An example is a database for recording outpatient clinical patient data. We have the following tables:

  1. Basic patient demographics: candidate key SSN
  2. Visits: candidate key SSN and visit date/time
  3. Outpatient clinics/sites visited: candidate key SSN, visit date, clinic name
  4. Details of findings at each clinic site: candidate key SSN, visit date, clinic name, finding code.

Here, each table is related many-to-one to the previous one. To save space, we can create artificial primary keys for tables 2 (a visit ID) and 3 (a visit-clinic ID). The modified schema then becomes:

  1. Basic patient demographics: primay key SSN
  2. Visits: primary key: visit ID (SSN and visit date/time are still recorded)
  3. Outpatient clinics/sites visited: primary key: visit-clinic ID. Clinic ID is still recorded, as is visit ID.
  4. Details of findings at each clinic site: primay key: visit-clinic ID, finding code.

The modified schema is shown below:

autonumber.jpg (12302 bytes)

Drawbacks of Surrogate Keys

There is only one potential drawback of autonumber fields: the unique identifiers apply only to the database in which they reside.  If several people or groups are sharing data which is being generated from heterogeneous sources, the only way to use UIs is to designate a central location that will assign UIs across common data pooled across all groups.

There are also some situations where the use of machine-generated UIs (as opposed to natural UIs such as Social Security Number) can result in a major amount of work. If two different organizations decide to merge, their databases also have to be merged. In this circumstance, there will almost certainly be a clash of UIs— thus, product 1235 may mean Widgets in the Products database of organization A and Gidgets in the Products database of organization B. After the merger, considerable data massaging (and the assignment of new IDs) has to be done in order to ensure that each product ID is unique once more. (This is one of the reasons why, after a merger, a business rarely gets its data processing act together until several months have elapsed.)

Constraints

Constraints are "rules" that limit a given field's permissible values. The most common types of constraints, which we have already addressed earlier, are data type constraints (a field must be of a particular data type) and referential integrity constraints (a field's values must be limited to those occurring in a primary key of another specified table).

However, constraints can be far more general. You may, for example, determine that a field, CourseGrade, that sets the grade for a student, must be one of the text values: (A+, A, A-,B+,B, B-,C+, C, C-, D+, D, D-, F), or that a person's age must be between 0 and 121 years.
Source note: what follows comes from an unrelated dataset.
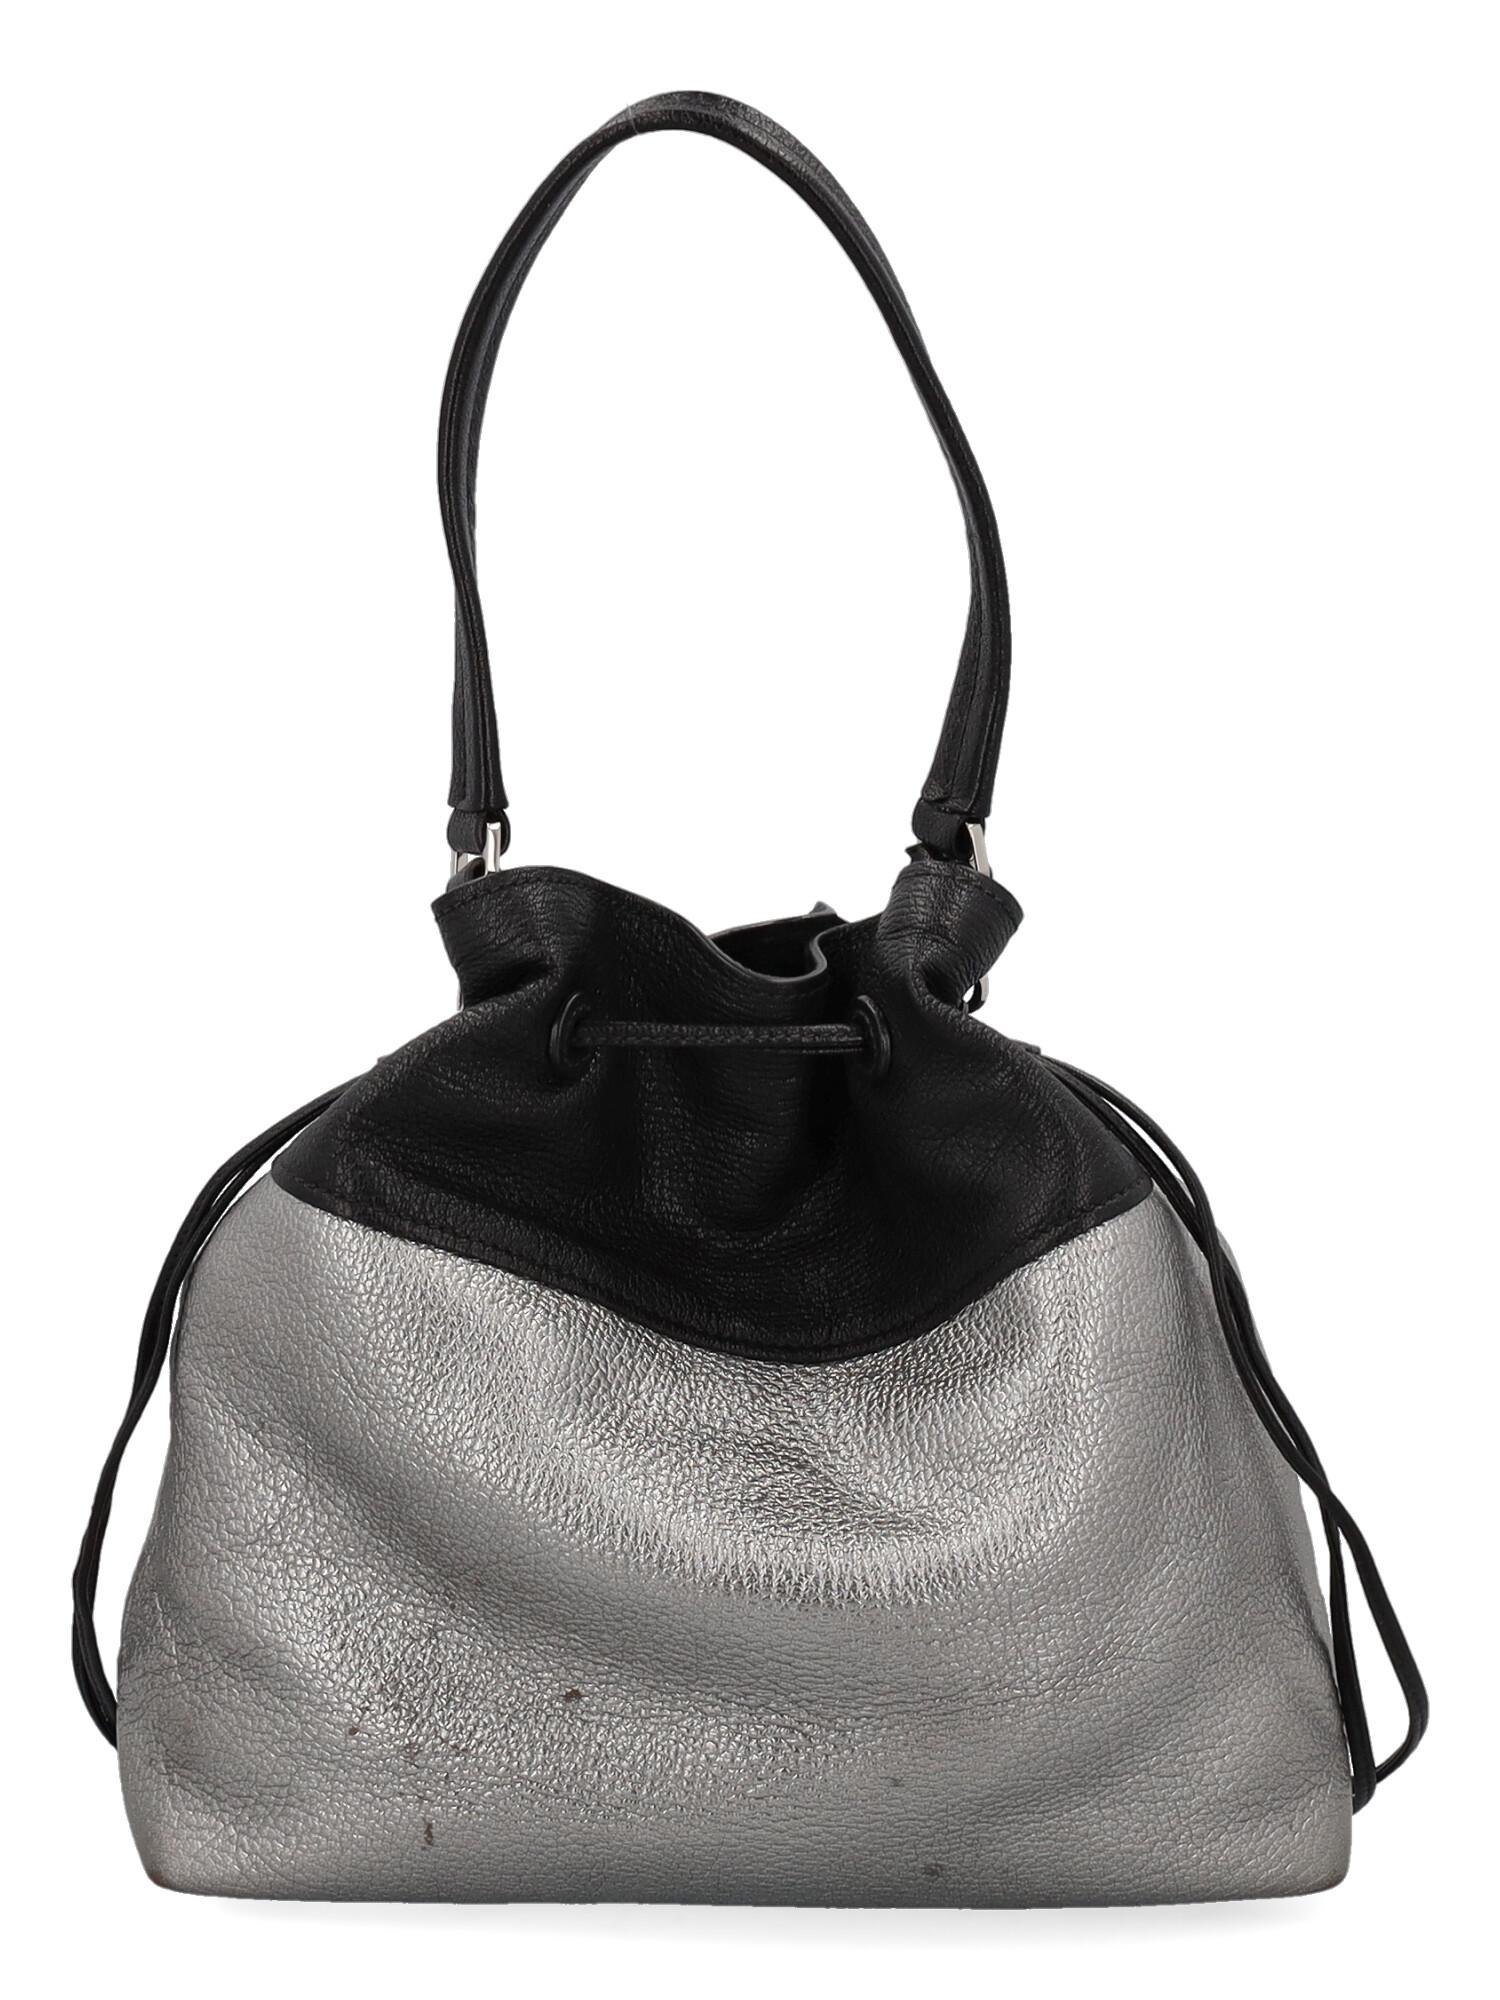 Miu Miu Women Shoulder bags Black, Silver Leather  In Fair Condition For Sale In Milan, IT

The ease with which you can specify constraints depends a lot on the database engine you are using. In Microsoft Access, for example, there is support for an "Input Mask", which activates during data entry, and automatically presents a kind of template for input data such as phone numbers, social security numbers and the like. The template for phone numbers includes parentheses for area code and a hyphen separating the exchange code from the last four digits. Entry of alphabetical characters in a phone number is prevented, as is entry of more (or less) than the requisite number of digits.  

In the high-end databases, which allow you to write program code using a highly expressive programming language like Java, C# or Visual Basic,  there are no limits to how complex or sophisticated a constraint can be: you can support any constraint that you are capable of programming.